V. Supplemental Jurisdiction
Although it does not appear that Crenshaw alleged any state-law claims with his federal claims under § 1983, construing the Complaint liberally, it implicates the state torts of negligence and medical malpractice. These claims are subject to dismissal because review is only appropriate upon exercise of the Court's supplemental jurisdiction. L.A. Draper & Son v. Wheelabrator-Frye, Inc., 735 F.2d 414, 427 (11th Cir. 1984) (quotation marks and citations omitted) (holding that “[t]o exercise [supplemental] jurisdiction over state law claims not otherwise cognizable in federal court, the court must have jurisdiction over a substantial federal claim and the federal and state claims must derive from a “common nucleus of operative fact”); see also United Mine Workers of Am. v. Gibbs, 383 U.S. 715, 726 (1966) (finding the exercise of supplemental jurisdiction is discretionary). In the posture of this case, the exercise of supplemental jurisdiction is inappropriate based on the Court's dismissal of the claims over which the Court has original jurisdiction. See 28 U.S.C. § 1367(c)(3) (allowing district courts to decline to exercise supplemental jurisdiction over a claim where “the district court has dismissed all claims over which it has original jurisdiction”).
VI. Conclusion
For these reasons, the Magistrate Judge RECOMMENDS that:
1. Defendant Ellis's Special Report (Doc. No. 17) be CONSTRUED as a motion for summary judgment and the motion be GRANTED in favor of Defendant Ellis.
2. This case against Defendant “Staton Healthcare Service” be DISMISSED with prejudice under 28 U.S.C. § 1915A(b)(1).
3. Plaintiff's federal claim against Defendant Ellis be DISMISSED with prejudice.
4. The Court DECLINE to exercise supplemental jurisdiction over Plaintiff's state-law claims under 28 U.S.C. § 1367(c)(3) and DISMISS said claims without prejudice.
5. This case be DISMISSED with prejudice.
Further, it is ORDERED that any objections to this Recommendation must be filed by November 28, 2023. An objecting party must identify the specific portion of the factual findings or legal conclusions to which the objection is made and must describe in detail the basis for the objection. Frivolous, conclusive, or general objections will not be considered. This Recommendation if not a final order and, therefore, it not appealable.

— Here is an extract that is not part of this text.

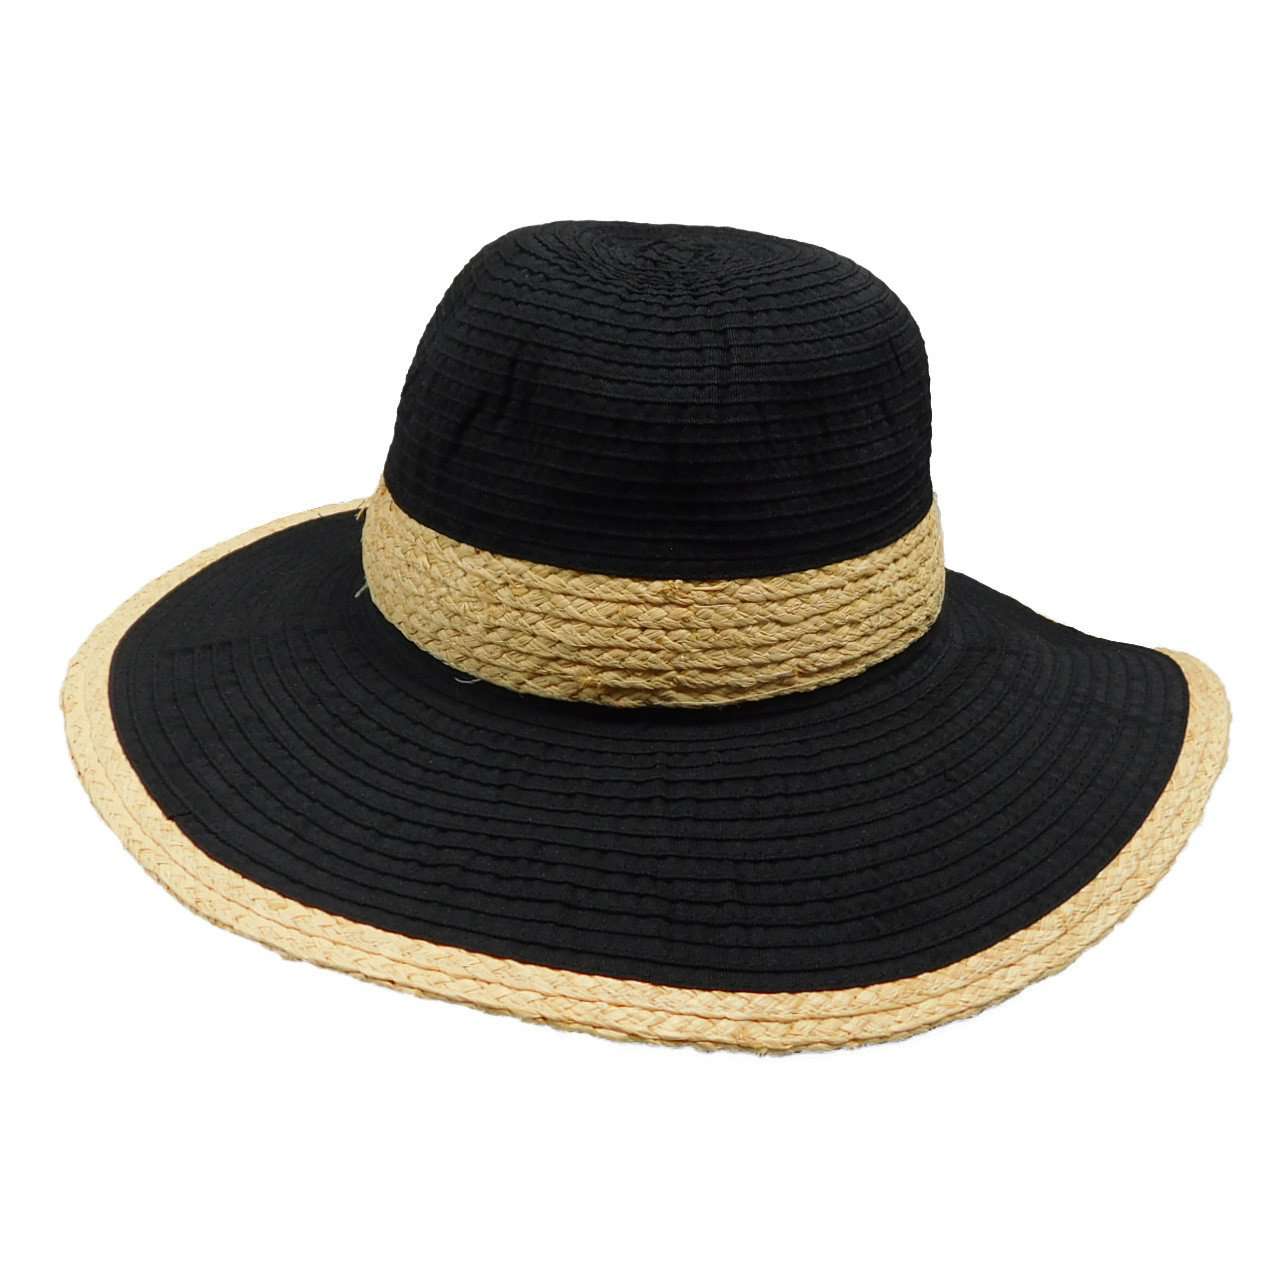 Ribbon Sun Hat with Raffia Trim - Tropical Trends Hats Floppy Hat Scala Hats LC809-ASST Black OSA (57 cm)

Failure to file a written objection to this Recommendation shall bar a party from a de novo determination by the District Court of any factual findings or legal conclusions contained herein and shall waive the right of the party to challenge on appeal any subsequent order that is based on factual findings and legal conclusions accepted or adopted by see Resol. Tr. Corp., v. Hallmark Builders, Inc., 996 F.2d 1144, 1149 (11th Cir. 1993); Henley v. Johnson, 885 F.2d 790, 794 (11th Cir. 1989); 11TH Cir. R. 3-1.